**What you are asked to do**
All of the entries are to be returned word for word.

Data items:
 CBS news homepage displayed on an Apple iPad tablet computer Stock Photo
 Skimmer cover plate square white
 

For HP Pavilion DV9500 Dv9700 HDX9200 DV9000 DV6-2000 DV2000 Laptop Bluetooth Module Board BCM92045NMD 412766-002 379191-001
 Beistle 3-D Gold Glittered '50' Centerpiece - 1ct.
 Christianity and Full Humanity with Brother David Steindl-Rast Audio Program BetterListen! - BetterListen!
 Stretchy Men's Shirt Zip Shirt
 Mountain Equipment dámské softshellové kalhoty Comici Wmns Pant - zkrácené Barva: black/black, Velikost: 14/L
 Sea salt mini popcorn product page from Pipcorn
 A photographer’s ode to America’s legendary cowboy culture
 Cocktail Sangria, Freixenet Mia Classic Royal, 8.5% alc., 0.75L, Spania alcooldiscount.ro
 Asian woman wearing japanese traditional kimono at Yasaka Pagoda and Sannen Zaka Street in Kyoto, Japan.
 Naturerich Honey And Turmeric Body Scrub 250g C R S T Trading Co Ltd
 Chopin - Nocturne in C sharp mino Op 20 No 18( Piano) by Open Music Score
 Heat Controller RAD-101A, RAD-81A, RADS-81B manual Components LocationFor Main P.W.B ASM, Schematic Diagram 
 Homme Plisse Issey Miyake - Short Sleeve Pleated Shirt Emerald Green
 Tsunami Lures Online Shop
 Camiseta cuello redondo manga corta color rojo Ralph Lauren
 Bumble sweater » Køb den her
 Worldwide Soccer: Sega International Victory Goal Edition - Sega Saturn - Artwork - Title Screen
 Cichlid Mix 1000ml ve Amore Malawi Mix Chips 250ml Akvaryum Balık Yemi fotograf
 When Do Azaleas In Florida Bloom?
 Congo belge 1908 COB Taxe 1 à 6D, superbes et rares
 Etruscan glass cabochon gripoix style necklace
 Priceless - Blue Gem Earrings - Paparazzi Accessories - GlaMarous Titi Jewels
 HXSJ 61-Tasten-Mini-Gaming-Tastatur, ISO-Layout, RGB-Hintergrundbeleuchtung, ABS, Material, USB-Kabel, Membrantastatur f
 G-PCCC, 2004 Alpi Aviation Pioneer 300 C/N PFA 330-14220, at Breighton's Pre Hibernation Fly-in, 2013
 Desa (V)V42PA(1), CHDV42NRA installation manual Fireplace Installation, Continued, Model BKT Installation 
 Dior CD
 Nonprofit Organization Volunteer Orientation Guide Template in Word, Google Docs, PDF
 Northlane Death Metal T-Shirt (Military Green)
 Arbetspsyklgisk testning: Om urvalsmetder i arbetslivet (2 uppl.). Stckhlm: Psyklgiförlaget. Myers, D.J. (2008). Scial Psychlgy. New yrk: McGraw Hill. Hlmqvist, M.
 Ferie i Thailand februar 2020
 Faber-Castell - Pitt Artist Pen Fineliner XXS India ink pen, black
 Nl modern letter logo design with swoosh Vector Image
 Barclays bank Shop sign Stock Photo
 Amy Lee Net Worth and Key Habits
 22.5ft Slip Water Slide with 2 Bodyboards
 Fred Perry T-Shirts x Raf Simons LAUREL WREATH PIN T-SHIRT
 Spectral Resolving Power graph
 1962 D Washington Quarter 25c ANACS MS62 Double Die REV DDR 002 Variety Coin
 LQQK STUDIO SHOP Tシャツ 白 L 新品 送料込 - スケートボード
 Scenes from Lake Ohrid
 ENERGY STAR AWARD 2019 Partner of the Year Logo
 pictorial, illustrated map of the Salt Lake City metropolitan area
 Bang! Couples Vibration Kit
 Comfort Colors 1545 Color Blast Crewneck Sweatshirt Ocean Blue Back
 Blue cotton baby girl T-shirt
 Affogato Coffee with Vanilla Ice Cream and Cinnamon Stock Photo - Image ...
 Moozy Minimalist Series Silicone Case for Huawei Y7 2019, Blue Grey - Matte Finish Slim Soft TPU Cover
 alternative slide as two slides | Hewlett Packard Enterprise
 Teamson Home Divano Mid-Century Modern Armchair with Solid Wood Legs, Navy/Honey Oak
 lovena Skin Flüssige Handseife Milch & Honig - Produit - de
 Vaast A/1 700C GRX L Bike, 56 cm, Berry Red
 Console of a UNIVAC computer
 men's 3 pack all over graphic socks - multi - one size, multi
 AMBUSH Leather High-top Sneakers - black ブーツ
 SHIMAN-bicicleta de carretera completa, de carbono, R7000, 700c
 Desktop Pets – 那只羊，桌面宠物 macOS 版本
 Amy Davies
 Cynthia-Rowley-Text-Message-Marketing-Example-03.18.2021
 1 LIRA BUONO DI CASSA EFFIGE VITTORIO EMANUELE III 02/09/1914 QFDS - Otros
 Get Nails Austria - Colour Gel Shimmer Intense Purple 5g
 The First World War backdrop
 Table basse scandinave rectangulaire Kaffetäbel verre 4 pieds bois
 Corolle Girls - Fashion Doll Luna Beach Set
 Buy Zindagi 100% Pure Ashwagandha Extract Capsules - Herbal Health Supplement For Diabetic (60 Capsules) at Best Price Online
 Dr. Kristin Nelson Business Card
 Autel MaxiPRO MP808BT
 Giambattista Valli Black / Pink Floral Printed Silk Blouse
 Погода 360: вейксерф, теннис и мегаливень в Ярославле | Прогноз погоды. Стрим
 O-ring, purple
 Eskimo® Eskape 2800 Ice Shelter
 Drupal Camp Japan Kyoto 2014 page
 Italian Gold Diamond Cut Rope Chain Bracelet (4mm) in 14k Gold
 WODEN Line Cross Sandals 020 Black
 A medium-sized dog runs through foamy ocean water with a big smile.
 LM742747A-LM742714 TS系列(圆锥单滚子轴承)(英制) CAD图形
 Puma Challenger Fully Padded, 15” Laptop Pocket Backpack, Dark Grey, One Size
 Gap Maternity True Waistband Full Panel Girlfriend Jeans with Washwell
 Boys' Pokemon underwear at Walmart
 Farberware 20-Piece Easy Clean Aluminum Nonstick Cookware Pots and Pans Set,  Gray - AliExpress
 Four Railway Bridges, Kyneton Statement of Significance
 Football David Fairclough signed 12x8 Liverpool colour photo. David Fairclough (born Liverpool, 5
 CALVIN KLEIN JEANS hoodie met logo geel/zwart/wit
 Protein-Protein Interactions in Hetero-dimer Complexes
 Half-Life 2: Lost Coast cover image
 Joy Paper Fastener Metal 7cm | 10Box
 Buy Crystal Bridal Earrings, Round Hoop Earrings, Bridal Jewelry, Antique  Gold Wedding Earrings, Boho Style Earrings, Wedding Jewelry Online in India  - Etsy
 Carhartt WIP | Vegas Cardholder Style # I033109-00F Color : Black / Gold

**Task response**
 CBS news homepage displayed on an Apple iPad tablet computer Stock Photo
 Skimmer cover plate square white
 

For HP Pavilion DV9500 Dv9700 HDX9200 DV9000 DV6-2000 DV2000 Laptop Bluetooth Module Board BCM92045NMD 412766-002 379191-001
 Beistle 3-D Gold Glittered '50' Centerpiece - 1ct.
 Christianity and Full Humanity with Brother David Steindl-Rast Audio Program BetterListen! - BetterListen!
 Stretchy Men's Shirt Zip Shirt
 Mountain Equipment dámské softshellové kalhoty Comici Wmns Pant - zkrácené Barva: black/black, Velikost: 14/L
 Sea salt mini popcorn product page from Pipcorn
 A photographer’s ode to America’s legendary cowboy culture
 Cocktail Sangria, Freixenet Mia Classic Royal, 8.5% alc., 0.75L, Spania alcooldiscount.ro
 Asian woman wearing japanese traditional kimono at Yasaka Pagoda and Sannen Zaka Street in Kyoto, Japan.
 Naturerich Honey And Turmeric Body Scrub 250g C R S T Trading Co Ltd
 Chopin - Nocturne in C sharp mino Op 20 No 18( Piano) by Open Music Score
 Heat Controller RAD-101A, RAD-81A, RADS-81B manual Components LocationFor Main P.W.B ASM, Schematic Diagram 
 Homme Plisse Issey Miyake - Short Sleeve Pleated Shirt Emerald Green
 Tsunami Lures Online Shop
 Camiseta cuello redondo manga corta color rojo Ralph Lauren
 Bumble sweater » Køb den her
 Worldwide Soccer: Sega International Victory Goal Edition - Sega Saturn - Artwork - Title Screen
 Cichlid Mix 1000ml ve Amore Malawi Mix Chips 250ml Akvaryum Balık Yemi fotograf
 When Do Azaleas In Florida Bloom?
 Congo belge 1908 COB Taxe 1 à 6D, superbes et rares
 Etruscan glass cabochon gripoix style necklace
 Priceless - Blue Gem Earrings - Paparazzi Accessories - GlaMarous Titi Jewels
 HXSJ 61-Tasten-Mini-Gaming-Tastatur, ISO-Layout, RGB-Hintergrundbeleuchtung, ABS, Material, USB-Kabel, Membrantastatur f
 G-PCCC, 2004 Alpi Aviation Pioneer 300 C/N PFA 330-14220, at Breighton's Pre Hibernation Fly-in, 2013
 Desa (V)V42PA(1), CHDV42NRA installation manual Fireplace Installation, Continued, Model BKT Installation 
 Dior CD
 Nonprofit Organization Volunteer Orientation Guide Template in Word, Google Docs, PDF
 Northlane Death Metal T-Shirt (Military Green)
 Arbetspsyklgisk testning: Om urvalsmetder i arbetslivet (2 uppl.). Stckhlm: Psyklgiförlaget. Myers, D.J. (2008). Scial Psychlgy. New yrk: McGraw Hill. Hlmqvist, M.
 Ferie i Thailand februar 2020
 Faber-Castell - Pitt Artist Pen Fineliner XXS India ink pen, black
 Nl modern letter logo design with swoosh Vector Image
 Barclays bank Shop sign Stock Photo
 Amy Lee Net Worth and Key Habits
 22.5ft Slip Water Slide with 2 Bodyboards
 Fred Perry T-Shirts x Raf Simons LAUREL WREATH PIN T-SHIRT
 Spectral Resolving Power graph
 1962 D Washington Quarter 25c ANACS MS62 Double Die REV DDR 002 Variety Coin
 LQQK STUDIO SHOP Tシャツ 白 L 新品 送料込 - スケートボード
 Scenes from Lake Ohrid
 ENERGY STAR AWARD 2019 Partner of the Year Logo
 pictorial, illustrated map of the Salt Lake City metropolitan area
 Bang! Couples Vibration Kit
 Comfort Colors 1545 Color Blast Crewneck Sweatshirt Ocean Blue Back
 Blue cotton baby girl T-shirt
 Affogato Coffee with Vanilla Ice Cream and Cinnamon Stock Photo - Image ...
 Moozy Minimalist Series Silicone Case for Huawei Y7 2019, Blue Grey - Matte Finish Slim Soft TPU Cover
 alternative slide as two slides | Hewlett Packard Enterprise
 Teamson Home Divano Mid-Century Modern Armchair with Solid Wood Legs, Navy/Honey Oak
 lovena Skin Flüssige Handseife Milch & Honig - Produit - de
 Vaast A/1 700C GRX L Bike, 56 cm, Berry Red
 Console of a UNIVAC computer
 men's 3 pack all over graphic socks - multi - one size, multi
 AMBUSH Leather High-top Sneakers - black ブーツ
 SHIMAN-bicicleta de carretera completa, de carbono, R7000, 700c
 Desktop Pets – 那只羊，桌面宠物 macOS 版本
 Amy Davies
 Cynthia-Rowley-Text-Message-Marketing-Example-03.18.2021
 1 LIRA BUONO DI CASSA EFFIGE VITTORIO EMANUELE III 02/09/1914 QFDS - Otros
 Get Nails Austria - Colour Gel Shimmer Intense Purple 5g
 The First World War backdrop
 Table basse scandinave rectangulaire Kaffetäbel verre 4 pieds bois
 Corolle Girls - Fashion Doll Luna Beach Set
 Buy Zindagi 100% Pure Ashwagandha Extract Capsules - Herbal Health Supplement For Diabetic (60 Capsules) at Best Price Online
 Dr. Kristin Nelson Business Card
 Autel MaxiPRO MP808BT
 Giambattista Valli Black / Pink Floral Printed Silk Blouse
 Погода 360: вейксерф, теннис и мегаливень в Ярославле | Прогноз погоды. Стрим
 O-ring, purple
 Eskimo® Eskape 2800 Ice Shelter
 Drupal Camp Japan Kyoto 2014 page
 Italian Gold Diamond Cut Rope Chain Bracelet (4mm) in 14k Gold
 WODEN Line Cross Sandals 020 Black
 A medium-sized dog runs through foamy ocean water with a big smile.
 LM742747A-LM742714 TS系列(圆锥单滚子轴承)(英制) CAD图形
 Puma Challenger Fully Padded, 15” Laptop Pocket Backpack, Dark Grey, One Size
 Gap Maternity True Waistband Full Panel Girlfriend Jeans with Washwell
 Boys' Pokemon underwear at Walmart
 Farberware 20-Piece Easy Clean Aluminum Nonstick Cookware Pots and Pans Set,  Gray - AliExpress
 Four Railway Bridges, Kyneton Statement of Significance
 Football David Fairclough signed 12x8 Liverpool colour photo. David Fairclough (born Liverpool, 5
 CALVIN KLEIN JEANS hoodie met logo geel/zwart/wit
 Protein-Protein Interactions in Hetero-dimer Complexes
 Half-Life 2: Lost Coast cover image
 Joy Paper Fastener Metal 7cm | 10Box
 Buy Crystal Bridal Earrings, Round Hoop Earrings, Bridal Jewelry, Antique  Gold Wedding Earrings, Boho Style Earrings, Wedding Jewelry Online in India  - Etsy
 Carhartt WIP | Vegas Cardholder Style # I033109-00F Color : Black / Gold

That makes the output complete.